Cold autoimmune haemolytic anaemia
Autoimmune haemolytic anaemia is a form of an acquired haemolytic anaemia. It occurs when the antibodies act against own red blood cells. As a result, the red blood cells of a person with a severe automimmune haemolytic anaemia would have a lifespan reduced into just few days from the normal 100-120 days.1 Autoimmune haemolytic anaemia may either be warm or cold depending on the characteristics of the autoantibodies involved. The warm autoimmune haemolytic anaemia occurs in body temperature (i.e. 37 °C) whereas the cold autoimmune haemolytic anaemia happens in cold temperature (i.e. 28-31 °C). The warm autoimmune haemolytic anaemia is more common than the cold autoimmune haemolytic anaemia. 2
The cold autoimmune haemolytic anaemia is caused by cold-reacting autoantibodies. The hemolysis of the red blood cells occurs mostly at cold temperatures. Cold agglutinin disease and paroxysmal cold hemoglobinuria are examples of cold autoimmune haemolytic anaemia. The common antibody involved is the IgM antibody directed against the I/i antigens on red blood cells.
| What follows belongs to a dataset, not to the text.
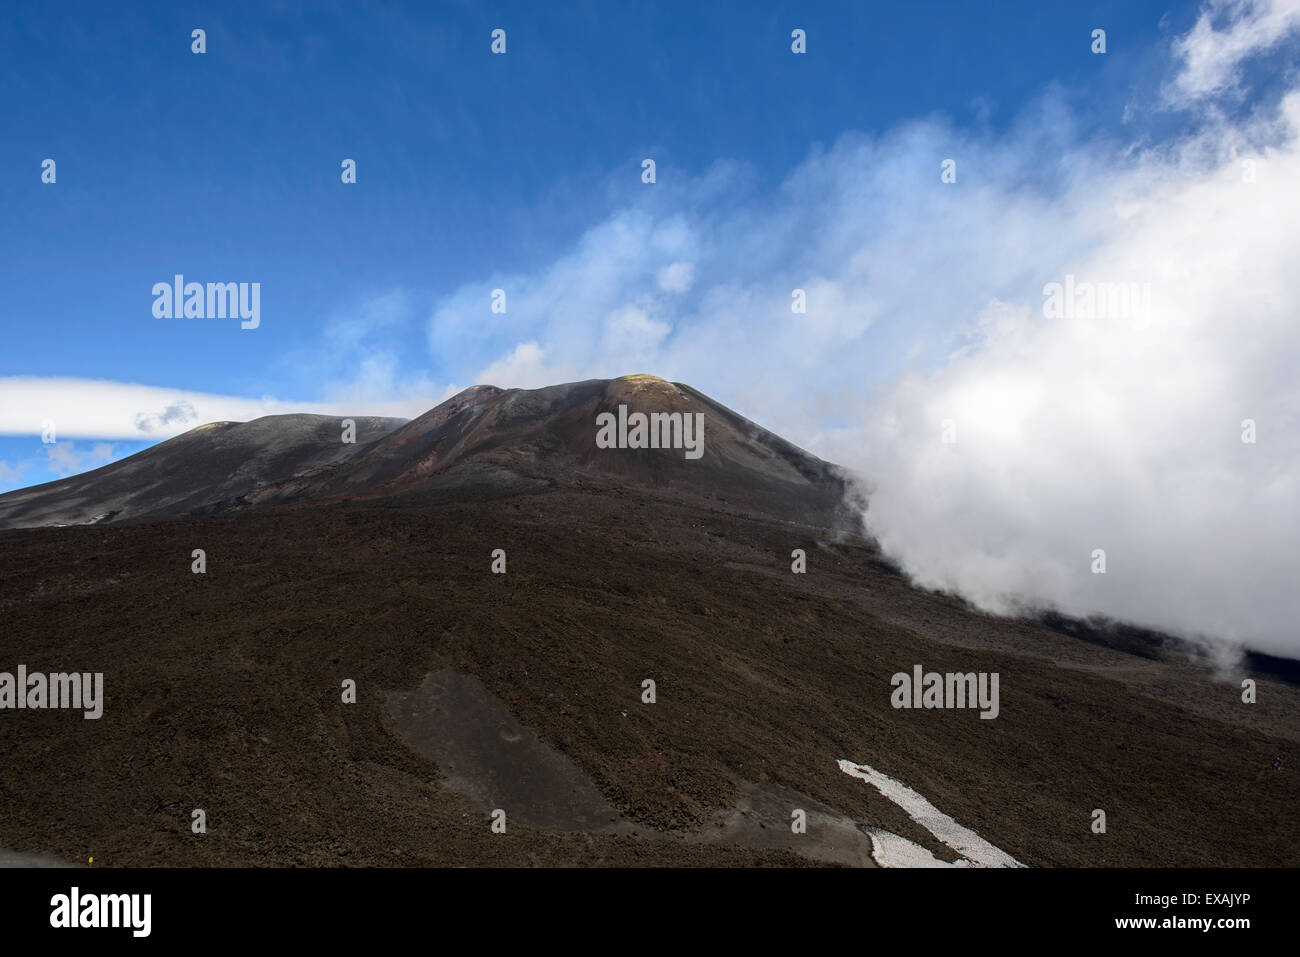 Mount Etna, Sicily - Stock Image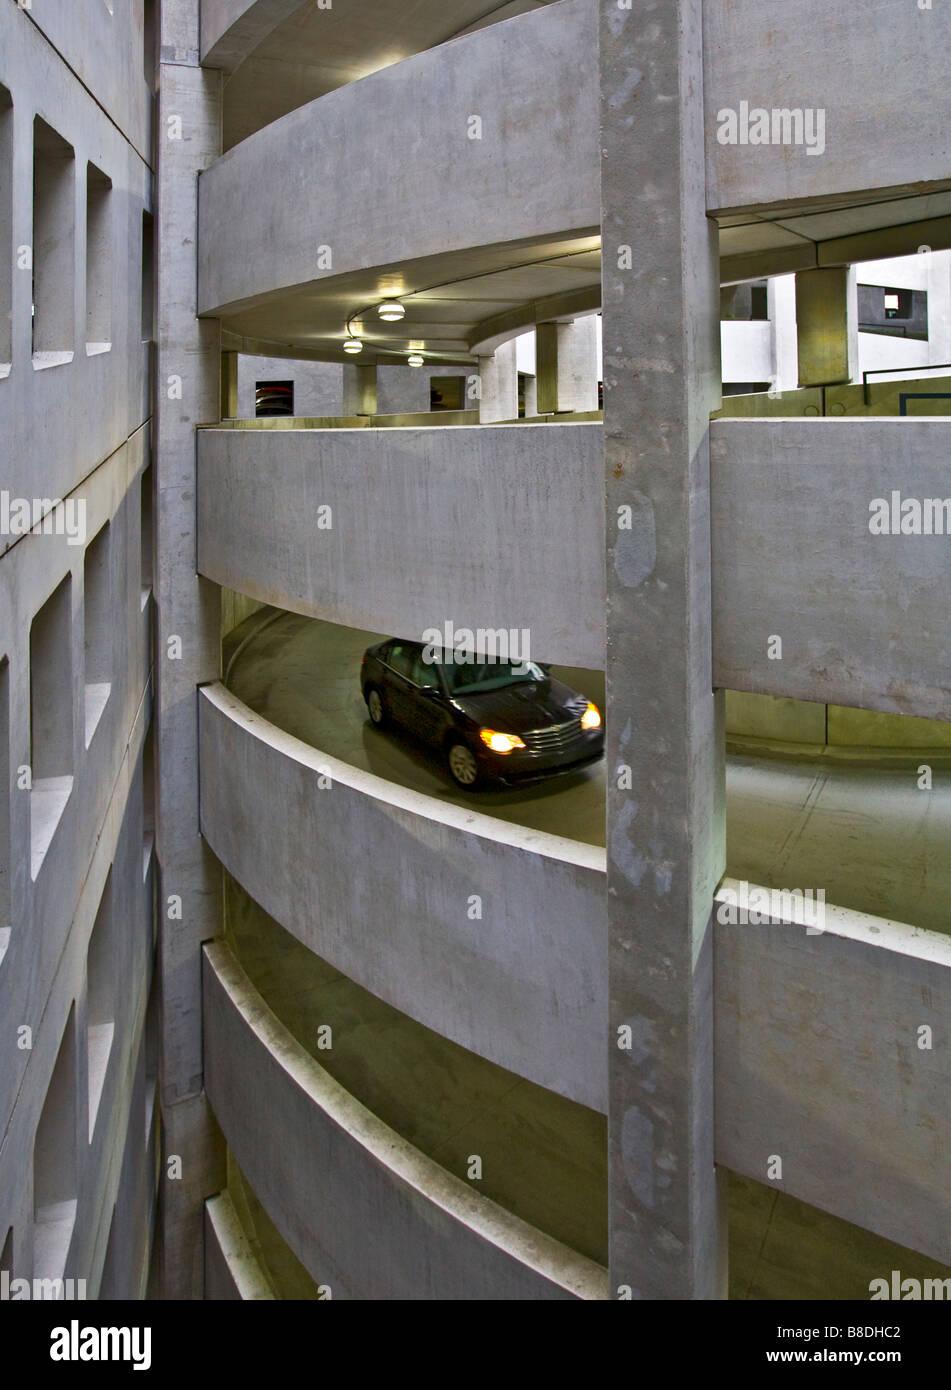 Detroit Michigan The parking garage at the Greektown Casino hotel - Stock Image

- cold autoimmune hemolytic anemia
- cold antibody autoimmune haemolytic anaemia
1 Sawitsky, A. & Ozaeta, P. B. (1970). "Disease-associated autoimmune hemolytic anemia". Bull N Y Acad Med 46 (6): 411–26.
2 Cotran, R. S., Kumar, V., Fausto, N., Nelso F., Robbins, S. L., & Abbas, A. K. (2005). Robbins and Cotran pathologic basis of disease. St. Louis, Mo: Elsevier Saunders. p. 637.